2.4 Running with knee elevation
When running slowly at the beginning or end of your run, you should take some time to run with your knees raised. It is recommended to run knee-lift perpendicular to the abdomen for about 5-10 minutes to improve abs and leg muscles.
2.5 Run longer
To run to reduce belly fat, you should not only run for 5-10 minutes because the body has not had enough time to burn fat. Therefore, to increase the number of calories burned, you need to run longer, farther. If you are new to running, you can run 2-3 times a week to let your body adapt gradually. When you get used to it, you should gradually increase it to about 4 sessions/week, each running session lasts about 30 minutes.
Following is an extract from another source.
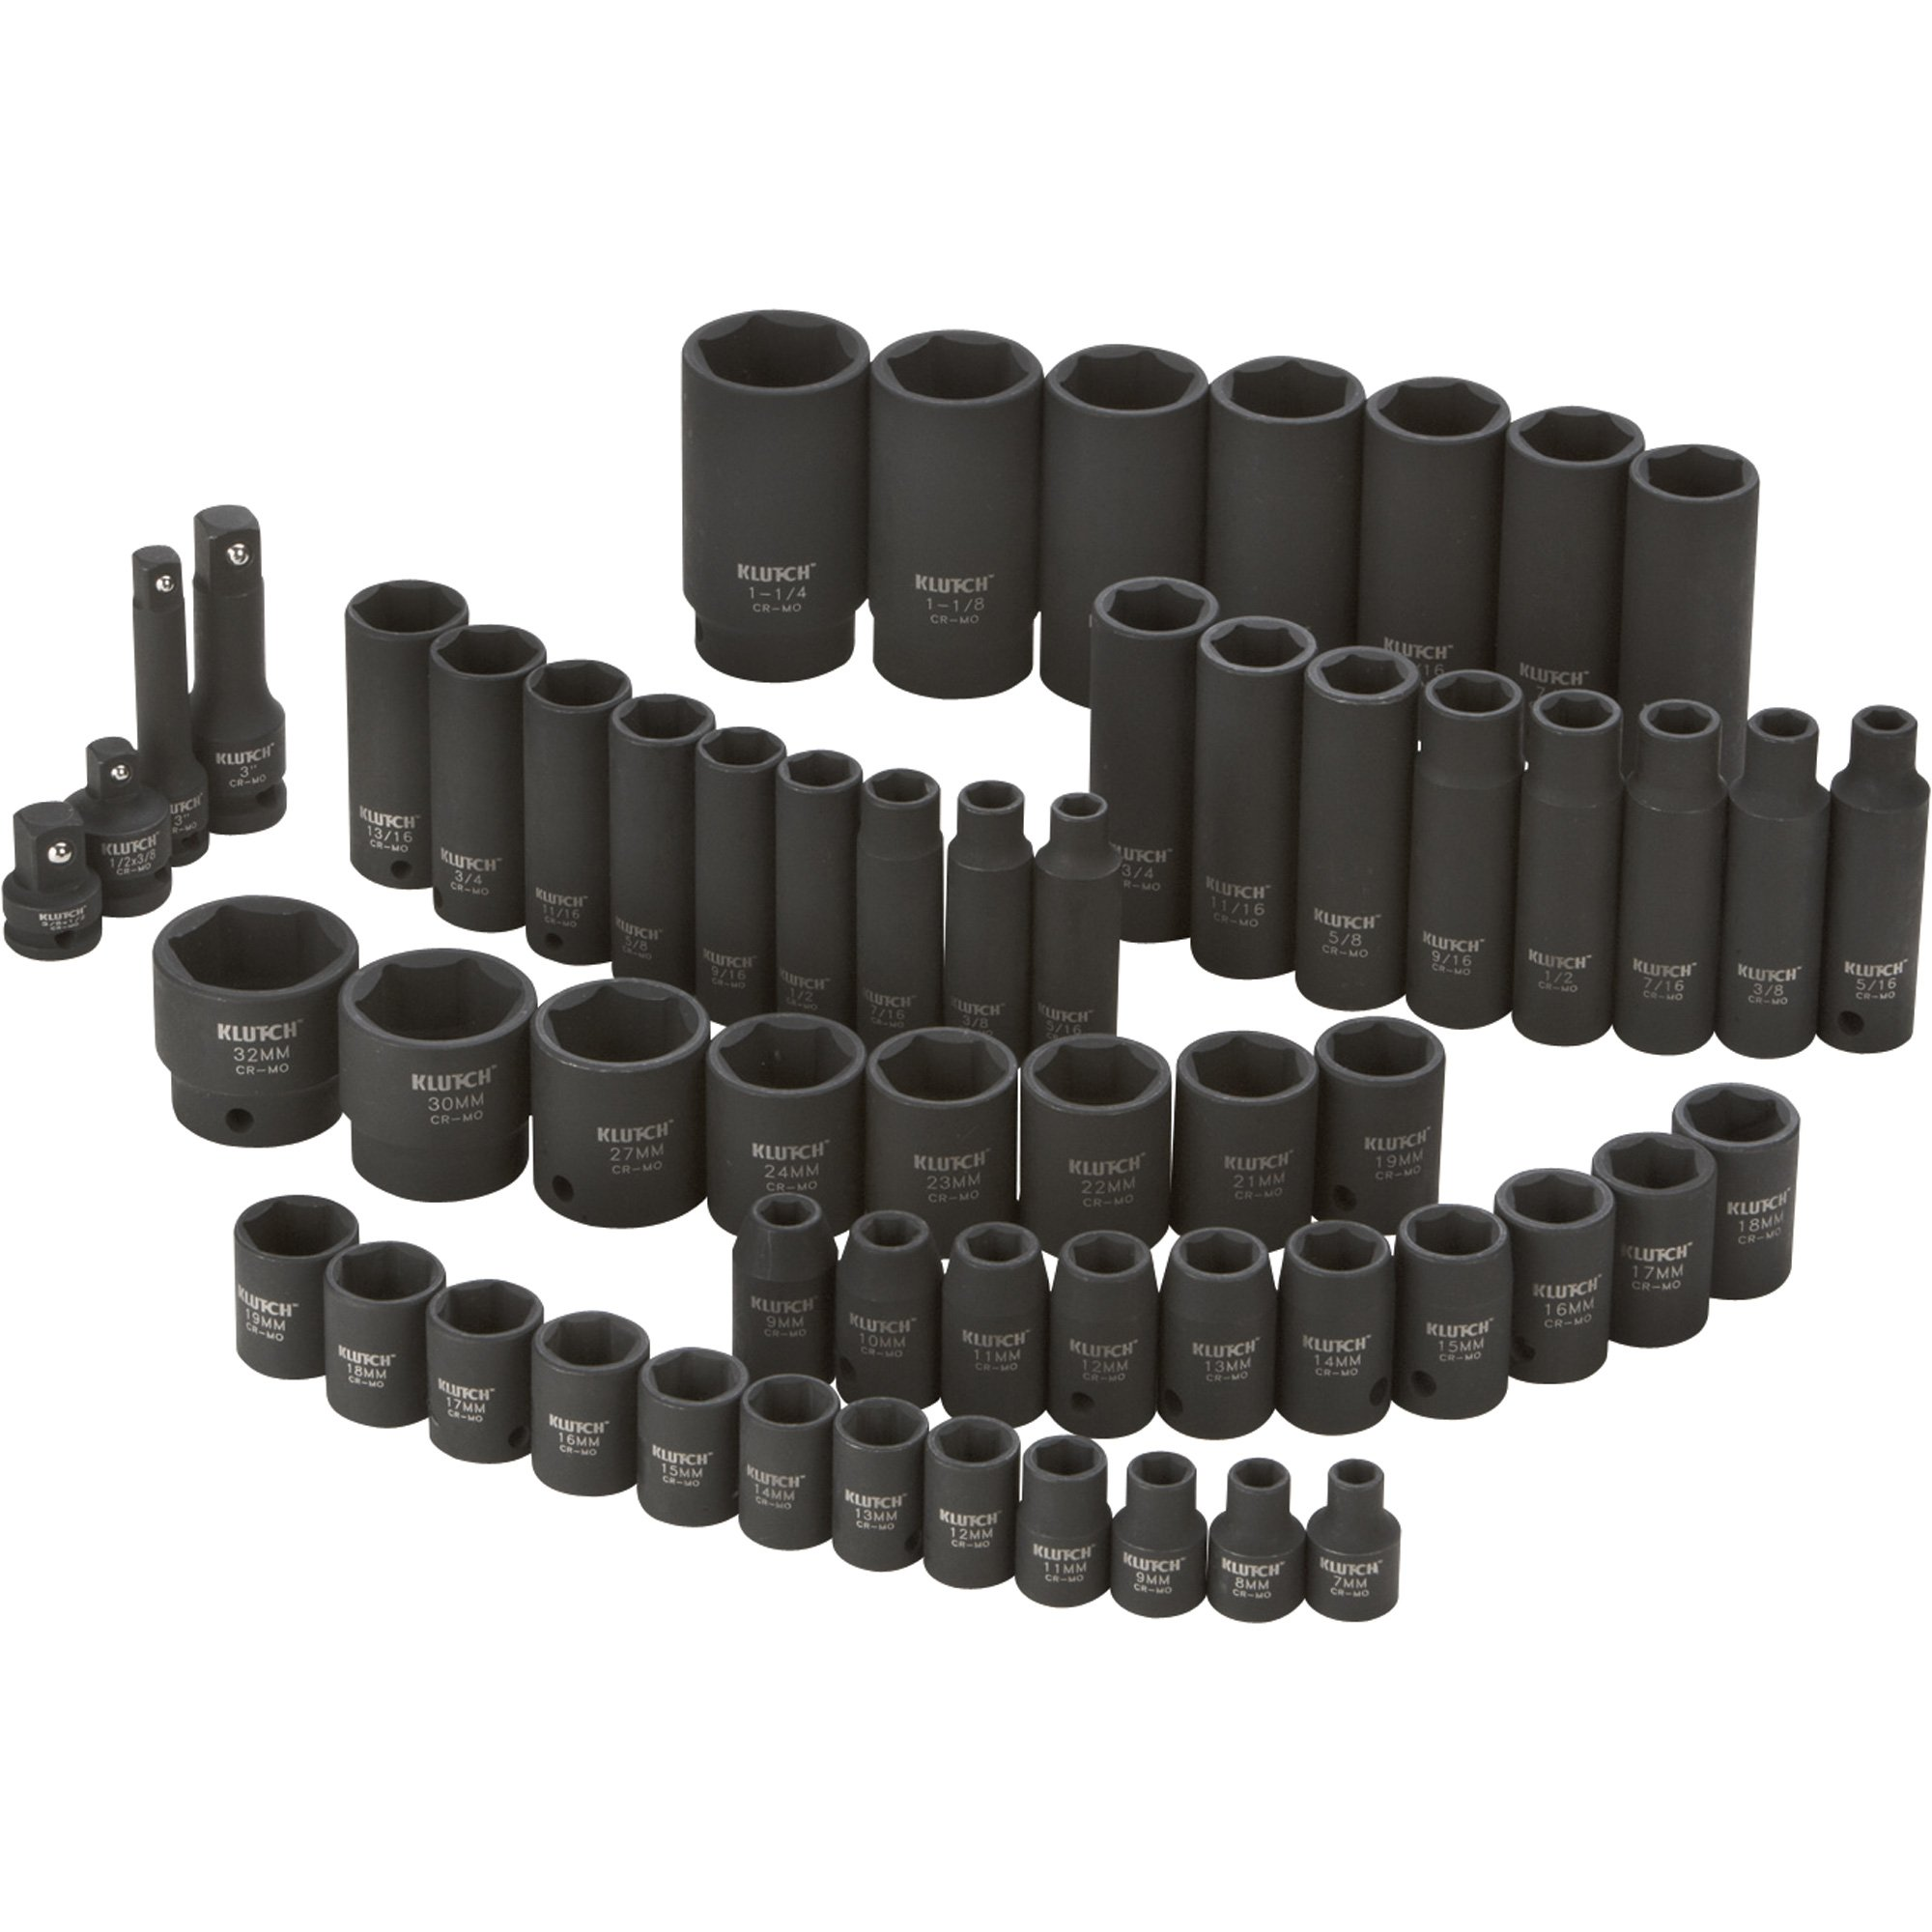 Klutch Impact Socket Set - 59-Pc., 3/8- and 1/2-Drive, SAE/Metric

You should also pay attention not to practice running too early or too late in the day. Running too early in the morning right after waking up can cause the body to go into shock because it is not ready for vigorous exercise. Running too late in the evening can cause insomnia, which is not good for health.
2.6 Changing running terrain
To run effectively to reduce belly fat, you should not only run forever on one terrain but should change many different running places such as flat land, running uphill, stairs,... This helps change atmosphere, mood when jogging, help burn fat better.
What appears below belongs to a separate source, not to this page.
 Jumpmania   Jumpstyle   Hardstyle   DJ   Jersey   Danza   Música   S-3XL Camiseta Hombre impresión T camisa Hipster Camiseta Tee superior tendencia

If running on a home treadmill with the function of climbing, you should only run with a slope of less than 6% to avoid the risk of heel injury.
2.7 Combine with other fat loss exercises
According to experts, the fat loss process needs to be done synchronously throughout the body, not just focusing on the abdomen. Therefore, in addition to jogging, you should do exercises to reduce body fat at home such as Plank exercises, Squats, skipping weight loss, ... and exercises for the abdominal muscle group such as crunches, ...
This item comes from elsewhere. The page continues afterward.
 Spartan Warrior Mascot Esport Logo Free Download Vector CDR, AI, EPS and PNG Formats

3. Healthy nutrition combined with running reduces belly fat
In addition to running and doing fat loss exercises, you can also adjust your diet in a healthier direction to get a better fat burning effect. Some important notes include:
Eat more soluble fiber to quickly feel full, reduce food intake. In addition, soluble fiber also limits the amount of calories that the body absorbs from food; Prioritize a diet with protein-rich foods such as lean meat, fish and legumes because high protein content will produce the satiety hormone PYY, reducing your need to eat; Limit foods high in fat and starch in the diet because they will cause belly fat to accumulate more; Avoid stress: When stressed, the body will produce the hormone cortisol, causing cravings, promoting belly fat storage. Therefore, you should find solutions to relax your mind, limit prolonged stress; Eating fish rich in Omega-3 fatty acids such as sardines, salmon, herring, mackerel, anchovies, ... helps reduce visceral fat and prevent diseases; About 30 - 60 minutes before jogging, you should snack on easily digestible foods to provide enough energy for the running process, avoiding the risk of low blood pressure when running on an empty stomach. After running, you should eat some snacks to quickly recover health; Before, during and after jogging, you should replenish your body with water; Should drink green tea because it contains caffeine and the antioxidant EGCG has the effect of increasing metabolism, reducing belly fat. Patiently maintaining a running routine, combined with a reasonable diet and rest is the key to effectively reducing belly fat and getting the desired shape.